Task requirements
Would you please repeat all of the data exactly, omitting the pictures?

Supplied data

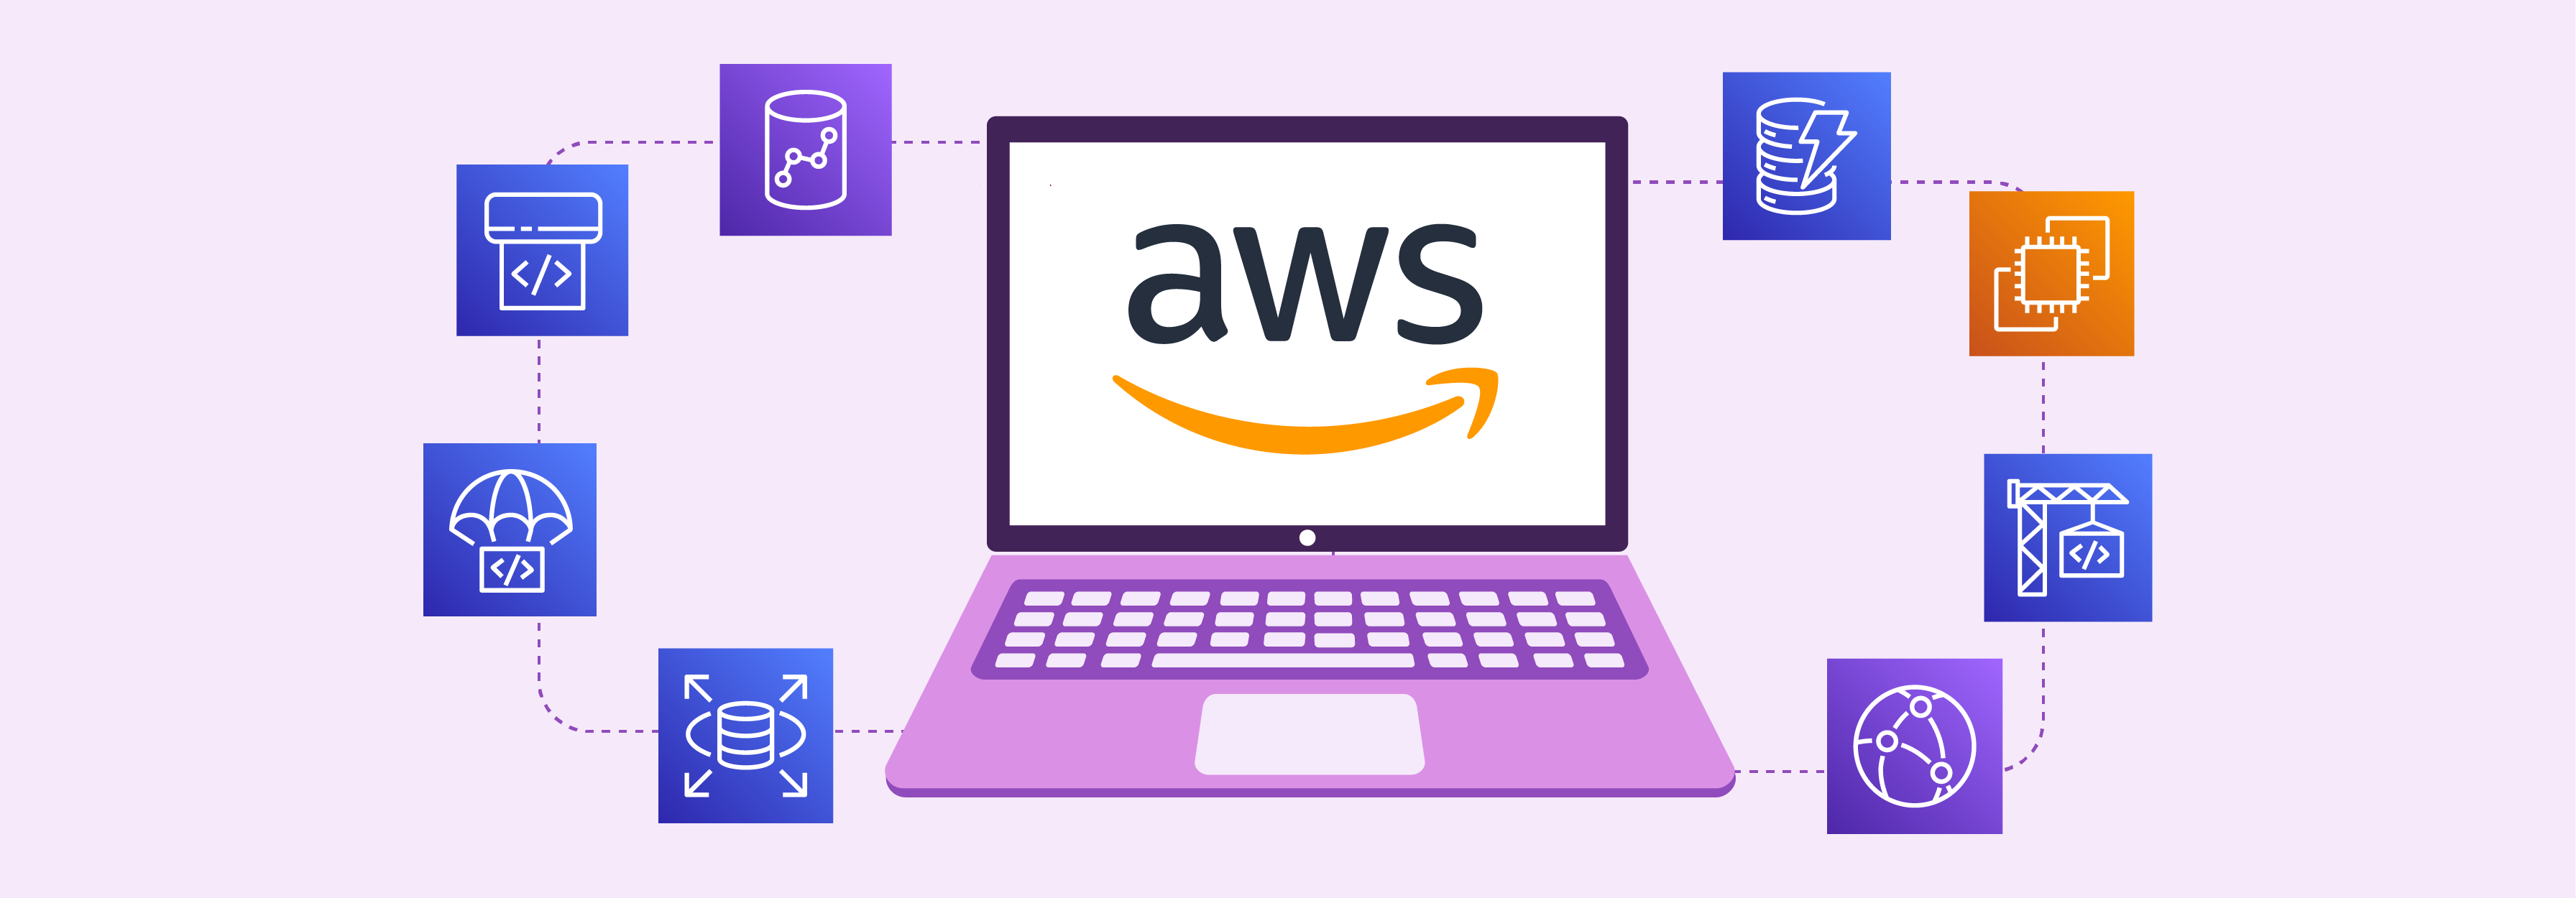 Amazon Web Services vs. Azure vs. Google Cloud: AWS compute power
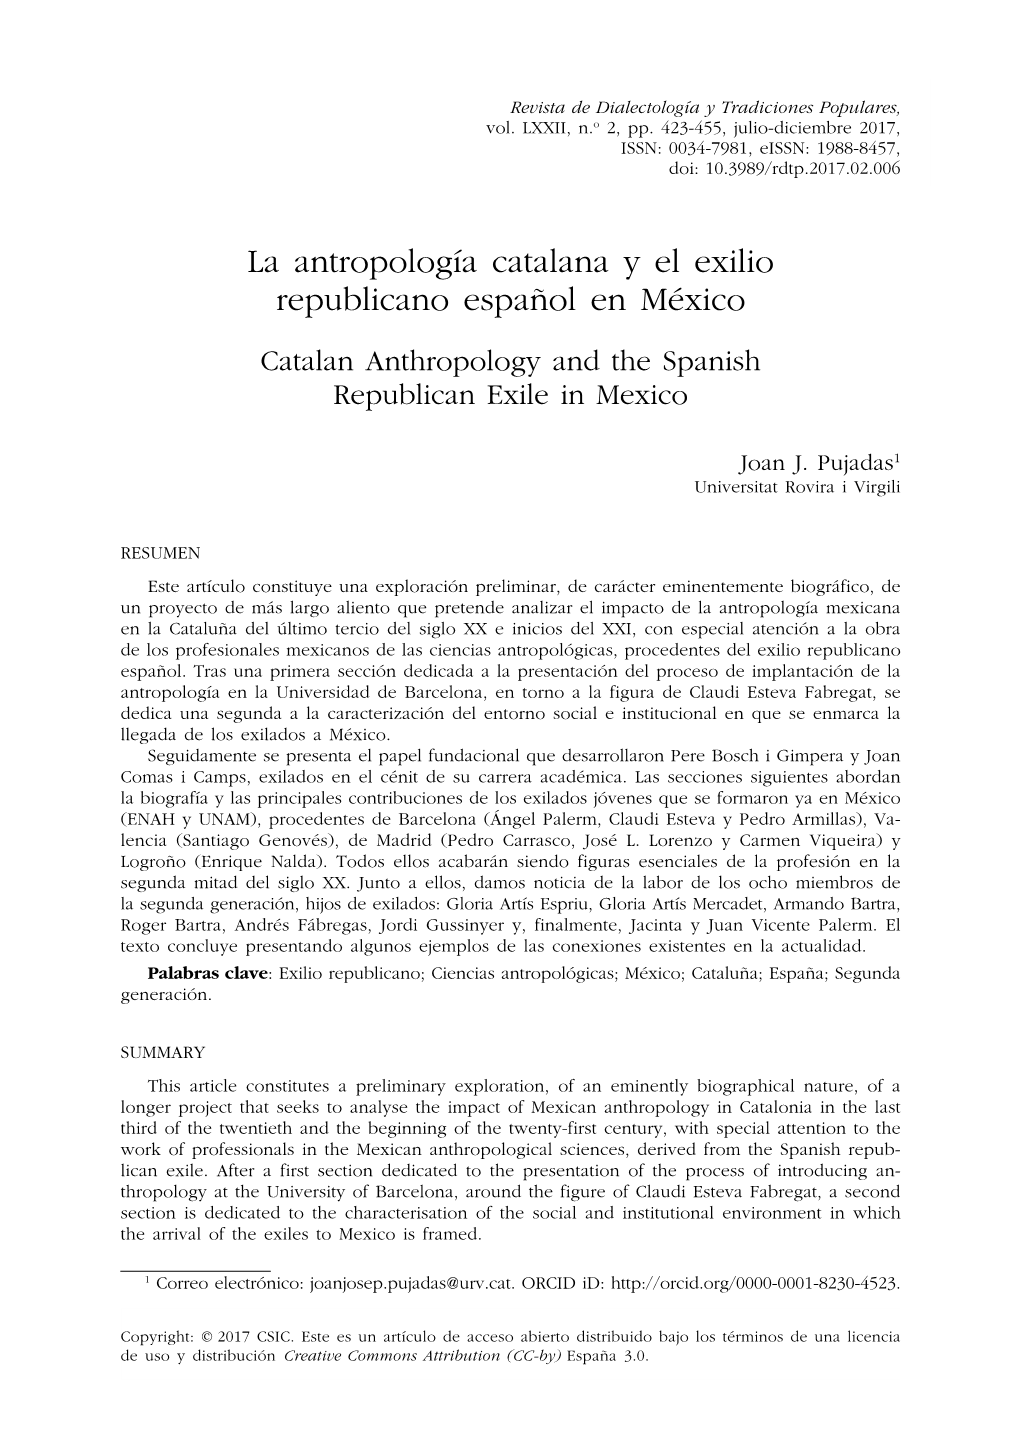 La Antropología Catalana Y El Exilio Republicano Español En México Catalan Anthropology and the Spanish Republican Exile in Mexico
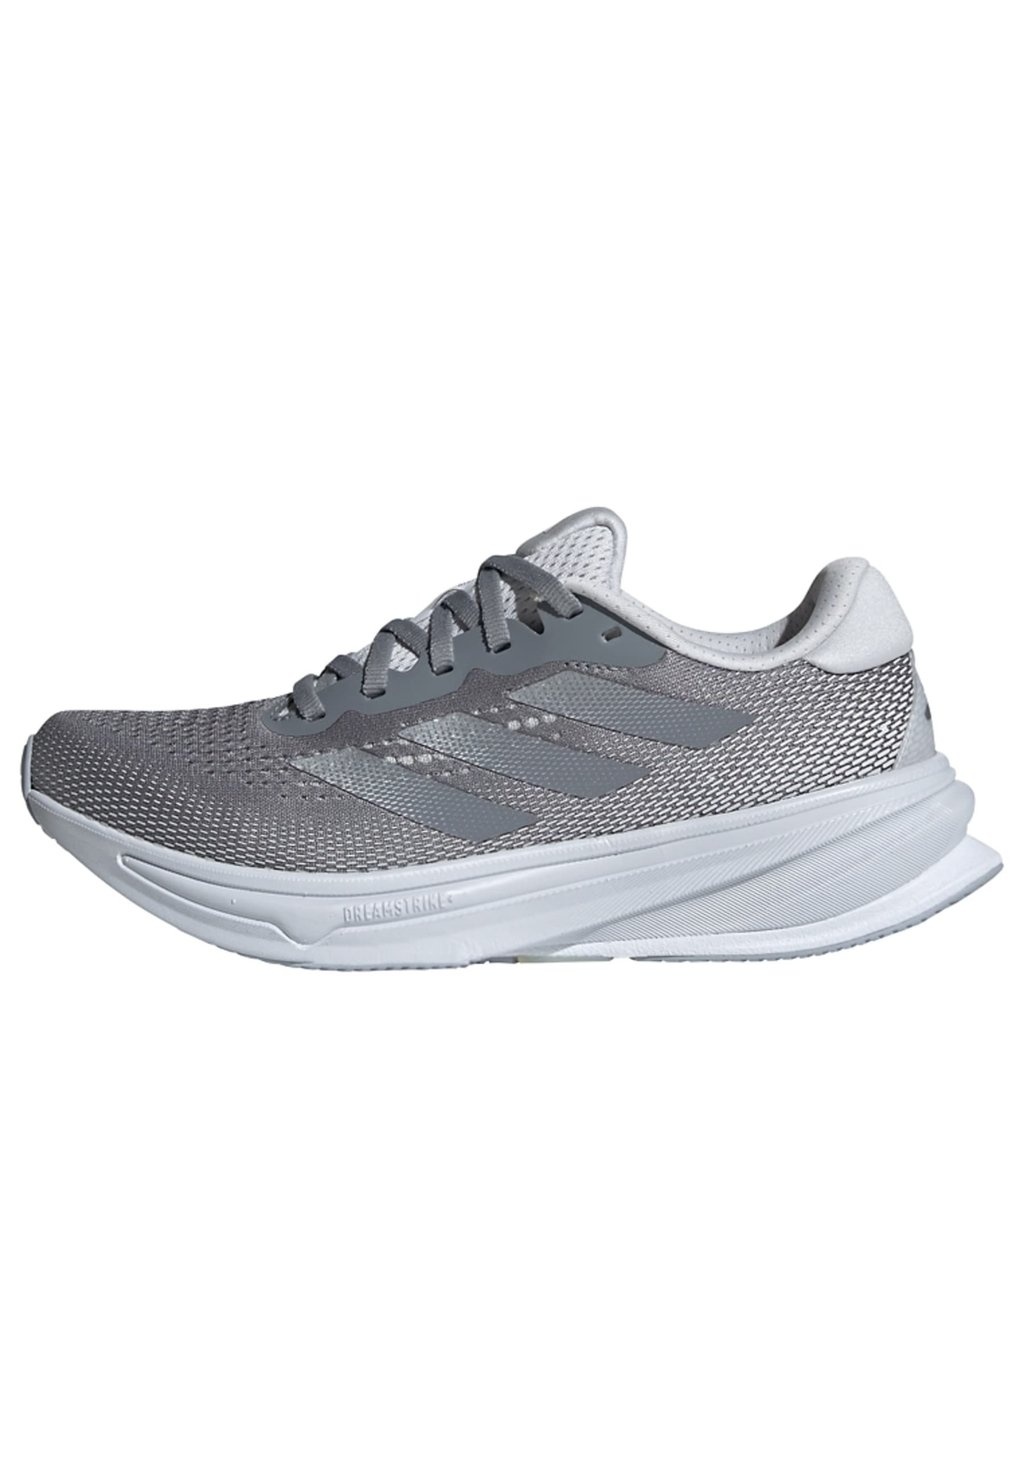 Нейтральные кроссовки SUPERNOVA RISE adidas Performance, цвет grey silver metallic dash grey
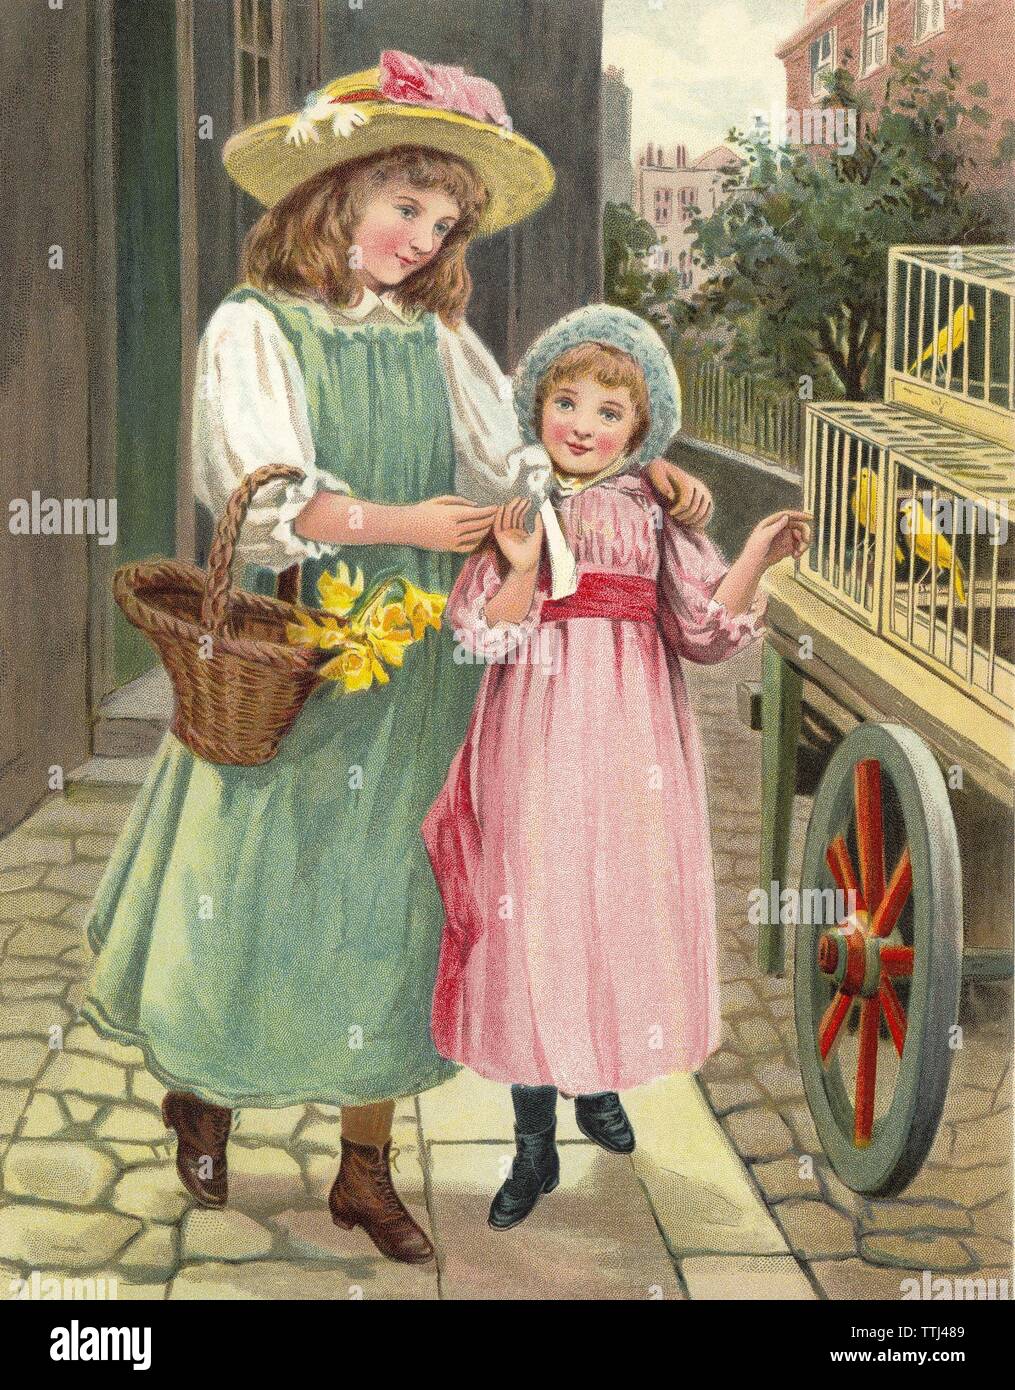 Deux jeunes filles avec des fleurs et des oiseaux en cage sur cette illustration du tournant du siècle, 1800-1900. Banque D'Images

Exercise output
 Amazon Web Services vs. Azure vs. Google Cloud: AWS compute power
 La Antropología Catalana Y El Exilio Republicano Español En México Catalan Anthropology and the Spanish Republican Exile in Mexico
 Нейтральные кроссовки SUPERNOVA RISE adidas Performance, цвет grey silver metallic dash grey
 Deux jeunes filles avec des fleurs et des oiseaux en cage sur cette illustration du tournant du siècle, 1800-1900. Banque D'Images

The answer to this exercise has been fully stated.